Aşıklar Yolu | Akyaka
Fotoğraf: Hava Şimsek

Aşıklar Yolu | Akyaka

İşte bu yolun başında durur düşünürdüm;

Fethiye tarafına mı gideceğim,
Marmaris tarafına mı,
yoksa geriye Bodrum tarafına mı?

Açık söylemek gerekirse Bodrum tarafına daha o zamanlar pek gitmezdim çünkü o zaman bile benim için bozulmuş sayılırdı. Marmaris’te de çok kalamazdım çünkü orası da betonlaşmaya başlamıştı, çarpık şehirlerin çarpıklaşmış ruhları orayı da bozmaya başlamışlardı, mesela İçmeler çok bozulmuştu, Turunç ise uzunca bir süre de beni ve doğa dostu arkadaşlarımı güzel doğası ve denizi ile idare etti. Şimdi ise gitmeye korkuyorum!

Sevgili dostum Ahmet Murat Eken, (daha önce burada bir röportajını yayınlamıştım) İçmeler’de hemen hiçbir yapılaşmanın olmadığı zamanı hatırlar, ben ise 80’li yıllarda ilk defa gittiğim Marmaris’e, sabaha karşı otobüsle inerken, dağlardan seyrettiğim o harika manzarayı unutamam.

Gökova

Akyaka’nın orman kampı vardı, (hâlâ var mı bilmiyorum, herhalde 20 sene oldu oralara gitmeyeli) bazı yazlar birkaç gün orada kalırdım, hatta bazen Azmak Deresi’nin Gökova’ya açılan yerinde tekneleri olan balıkçılarla beraber denize açılırdım sabaha karşı. O muhteşem tablo hâlâ aklımdadır, bana ait değil şimdi kuracağım cümle bir balıkçıya ait, ona demiştim ki “Sabahın ilk ışıkları herhalde Gökova’nın en güzel zamanı” o da bana demişti ki;

“Gökova’nın en güzel zamanı yoktur canım, çünkü o zamanın en güzel ovasıdır.”

Gökova'da gün batımı

İyi hatırlarım, bir gün Murat ile beraber Akyaka’da orman kampında kalmıştık, sabah erkenden kalkıp Azmak Deresi’ne giden küçük bir tekneye binip o buz gibi sularda yüzmüştük. Öyle 2 dakika değil, yarım saate yakın yüzdük o buz gibi sularda. Bizi oraya götüren tekne sahibi İstanbul’dan geldiğimize şaşırmış, “İstanbul’dan gelip burada bu kadar yüzeni görmedim” demişti.
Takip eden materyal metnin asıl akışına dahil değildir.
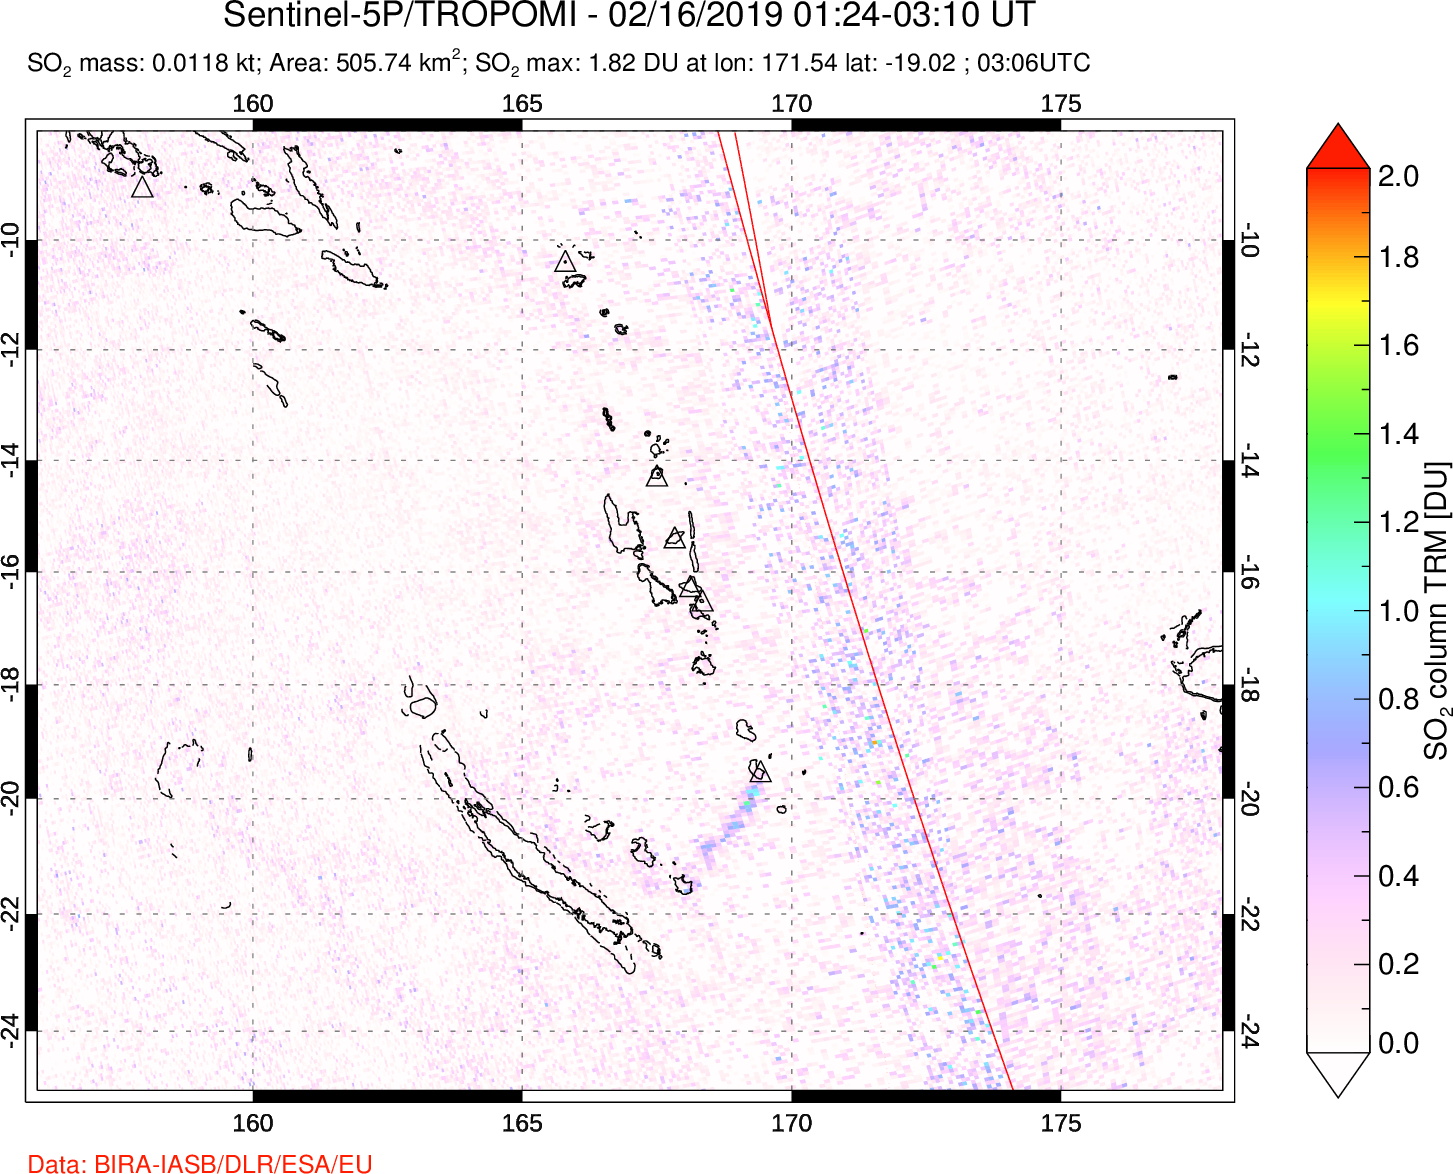 A sulfur dioxide image over Vanuatu, South Pacific on Feb 16, 2019.

Bir gün sonra ise Cleopatra Adası’na giden bir tekne turuna katılalım demiştik, dönüşte teknenin sintine boşalttığını görüp tekne sahibi ile kavga etmiştik, tekne Akyaka’ya geri döndüğünde az daha diğer tekne sahiplerinden toplu dayak yiyecektik. Suçumuz denizi kirletmelerini, bizzat kendi bindikleri dalları kestiklerini onlara söylememizdi. Tartışmanın bir yerinde bizi Akyaka’da istemediklerini anladığımda, onlara “Madem sizi rahatsız ediyoruz, biz buraya gelmeyelim ama sadece bilelim ve duyalım burası temiz kalsın, bu bizi yine de mutlu eder ” dediğimi hatırlıyorum.

Tekne sintinesini bizzat kendi gezi rotasında bırakıyordu ve bizim suçumuz bu konuda onları uyarmaktı. Sonra ne oldu bilmiyorum ama eminim bizim gibi birçok kişi bu garip turizm anlayışını görüp üzülmüşlerdir.

İşte Akyaka’da benim için yangın o gün başladı!

Güney Ege’nin en güzel adalarını ve koylarını barındıran bir doğa şaheseri:

Fethiye

Bazen aynı noktadan rotamı Fethiye tarafına çevirirdim ve en hoşuma giden şeylerden biri de Göcek’e iner inmez ayakkabımı çıkarıp yalınayak dolaşmaktı, Göcek’te ne kadar kalıyorsam o süre içerisinde asla ayakkabı giymezdim, bu bana tarifi zor bir özgürlük duygusu verirdi, ama neden Göcek inan bilmiyorum.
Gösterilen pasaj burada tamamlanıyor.